40. Leverage Liquid Biopsies for Specificity
Support the development of liquid biopsy technologies that can fingerprint the cell of origin (e.g., through epigenetic marks) to pinpoint the location of a detected cancer, guiding further investigation and treatment.
41. Learn Bayesian Statistics
Understand Bayesian statistics, as clinical medicine is essentially applying this method to update pre-test probabilities with new information, improving diagnostic accuracy despite potential biases.

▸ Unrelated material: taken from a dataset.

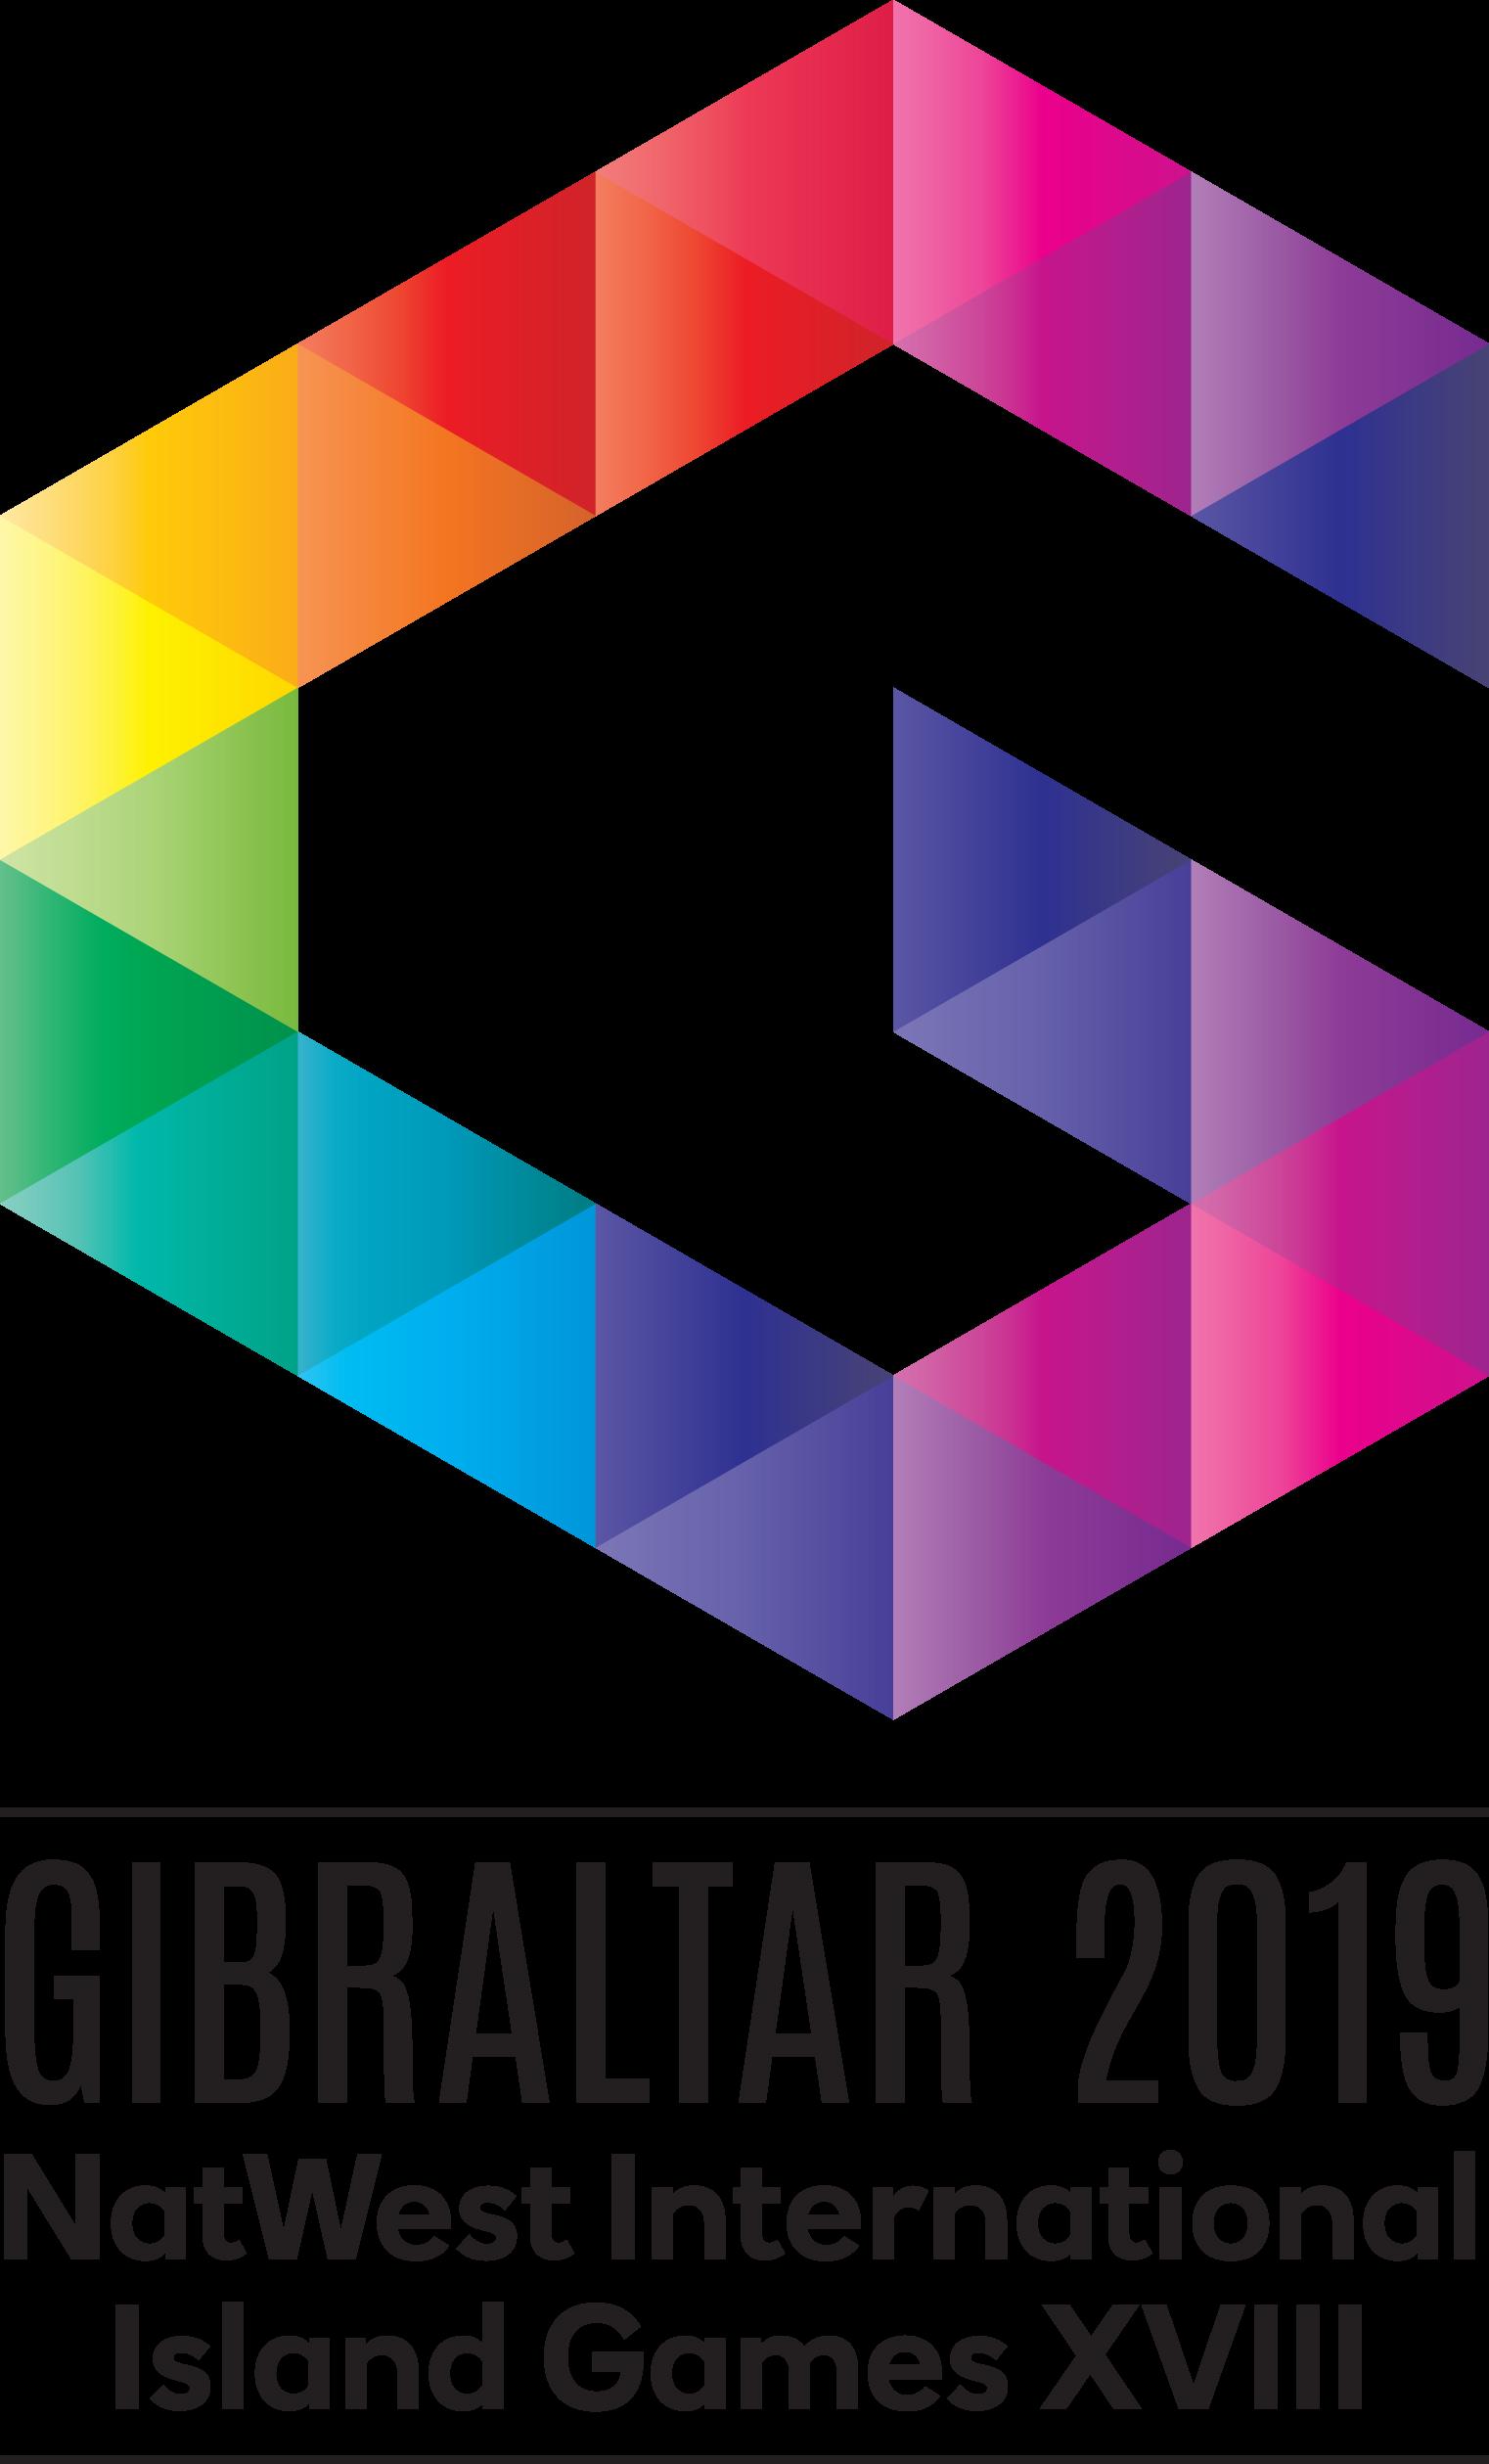 Media | Gibraltar 2019 Natwest International Island Games XVIII

42. Optimize Performance, Health, Longevity
Actively seek information and strategies to optimize performance, health, longevity, and critical thinking to live a higher quality, more fulfilling life.
6 Key Quotes
The blind approach only gave those types of therapies. Those types of therapies then thrown at cancer cure a good fraction of testicular cancer, a respectable fraction of lymphomas and leukemias, and cure almost nothing else.
Keith Flaherty
I think medical school might be one of the most anti-intellectual forms of higher education that exists.
Peter Attia
These things are evolutionary warriors by this point.
Keith Flaherty
If we all lived to 130, we'd all have a cancer, quote unquote, real cancer.
Keith Flaherty
The problem, if I were to put a finger on it, is the way in which companies that decided they could see a business model in HIV and basically decided they were going to pursue it, could create the toolbox within their one company. Had it not been for that, we would not have seen doublet and triplet therapy.
Keith Flaherty
I'm not looking for more work. So this isn't at all about me, but I've seen that as cancer science has become so much more translational, the opportunity unfolded for me. And I think it would be a major benefit to the field for the private sector basically to engage more voices at the table of those who are involved in the truly applied science down to the patient level.